The 1117 has been cloned by a lot manufacturers. In general, if they only talk of tanatalum (as AMS does) they probably copied some old datasheet from somebody else. Look in others' datasheet (besides AMS). For example TI's LM1117 has more details:
Output Capacitor:
The output capacitor is critical in maintaining regulator stability, and must meet the required conditions for both
minimum amount of capacitance and ESR (Equivalent Series Resistance). The minimum output capacitance
required by the LM1117-N is 10µF, if a tantalum capacitor is used. Any increase of the output capacitance will
merely improve the loop stability and transient response. The ESR of the output capacitor should range between
0.3Ω - 22Ω. In the case of the adjustable regulator, when the CADJ is used, a larger output capacitance (22µf
tantalum) is required.
And yes, output cap ESR is critical for the stability of LDOs, not just the capacitance. (Look in the LDO tag for some recent on-site examples; this one in particular has scope traces.) The NCP1117 datasheet is most helpful in this regard:
Frequency compensation for the regulator is provided by
capacitor Cout and its use is mandatory to ensure output
stability. A minimum capacitance value of 4.7µF with an
equivalent series resistance (ESR) that is within the limits of
33 mΩ (typ) to 2.2Ω is required. See Figures 12 and 13. The
capacitor type can be ceramic, tantalum, or aluminum
electrolytic as long as it meets the minimum capacitance
value and ESR limits over the circuit’s entire operating
temperature range. Higher values of output capacitance can
be used to enhance loop stability and transient response with
the additional benefit of reducing output noise.
[emphasis mine]. That datasheet has nice graphs that show the interdependence of these two output cap parameters (ESR and capacitance):
Now the AMS1117 datasheet says nothing about ESR, so you can believe theirs is godly and won't oscillate regardless of that, but I rather doubt that's actually the case. This is all they say, by the way:
The circuit design used in the AMS1117 series requires the use of
an output capacitor as part of the device frequency compensation.

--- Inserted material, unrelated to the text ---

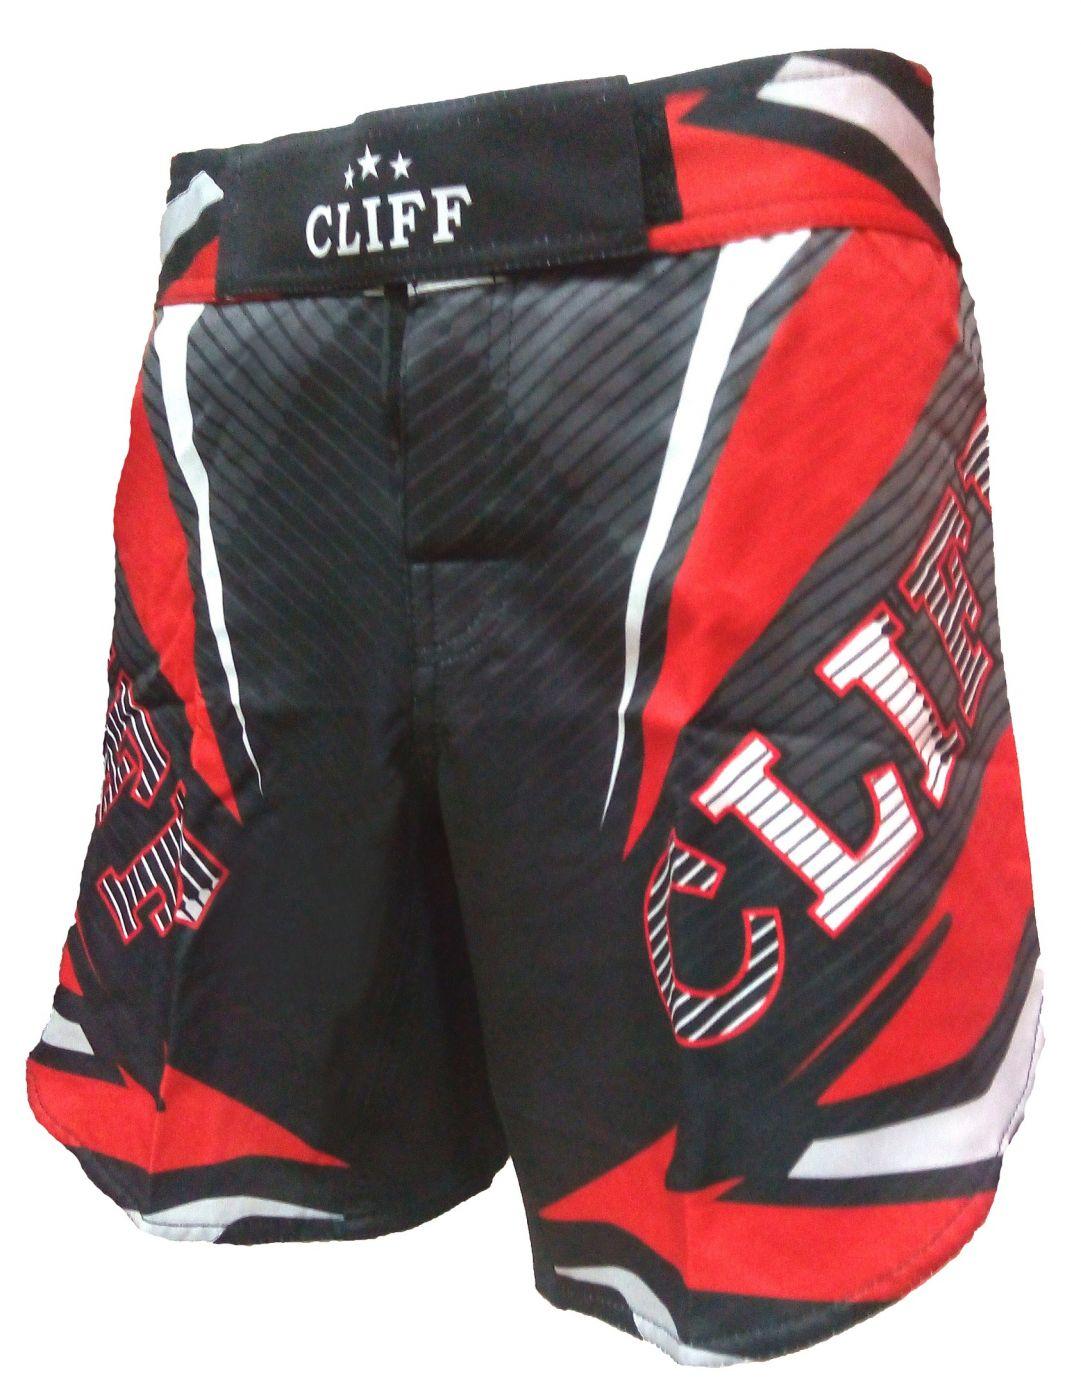 ШОРТЫ ММА CLIFF R3.0 RED FIGHTER, размер M

The addition of 22µF solid tantalum on the output will ensure
stability for all operating conditions.
When the adjustment terminal is bypassed with a capacitor to
improve the ripple rejection, the requirement for an output
capacitor increases. The value of 22µF tantalum covers all cases of
bypassing the adjustment terminal. Without bypassing the
adjustment terminal smaller capacitors can be used with equally
good results.
To further improve stability and transient response of these
devices larger values of output capacitor can be used.
Now regarding
Actually "Getting started with STM32F030xx" recommends using 4.7uF capacitor between VCC and GND (in addition to some 100nF) which is not that much smaller than the recommended one.
That's for the decoupling of the STM32F itself
In addition, each power supply pair should be decoupled with 100 nF filtering ceramic
capacitor and a chemical capacitor of about 4.7 μF connected between the supply pins of
the STM32F030 device. These capacitors need to be placed as close as possible to, or
below, the appropriate pins on the underside of the PCB.
Between the MCU and the regulator you may have non-trivial inductance. The pros simulate the board in a rather expensive EM field simulator to figure out how much exactly. If you can't afford that, you have to go with the rules of thumb from the IC manufacturers' datasheets.
Note that this EM simulation is only about the effect of the board, it does not include things like stability of voltage regs. And if you put the two chips and their caps really close to each other, the lack of trace inductance/resistance between them may actually be a problem for the stability of the LDO: the capacitance it sees grows (sees caps in parallel), but the ESR goes down (resistors in parallel). That moves you to the left in graph in Fig 12 above.
That's why nothing is ultimately the substitute for actual prototyping.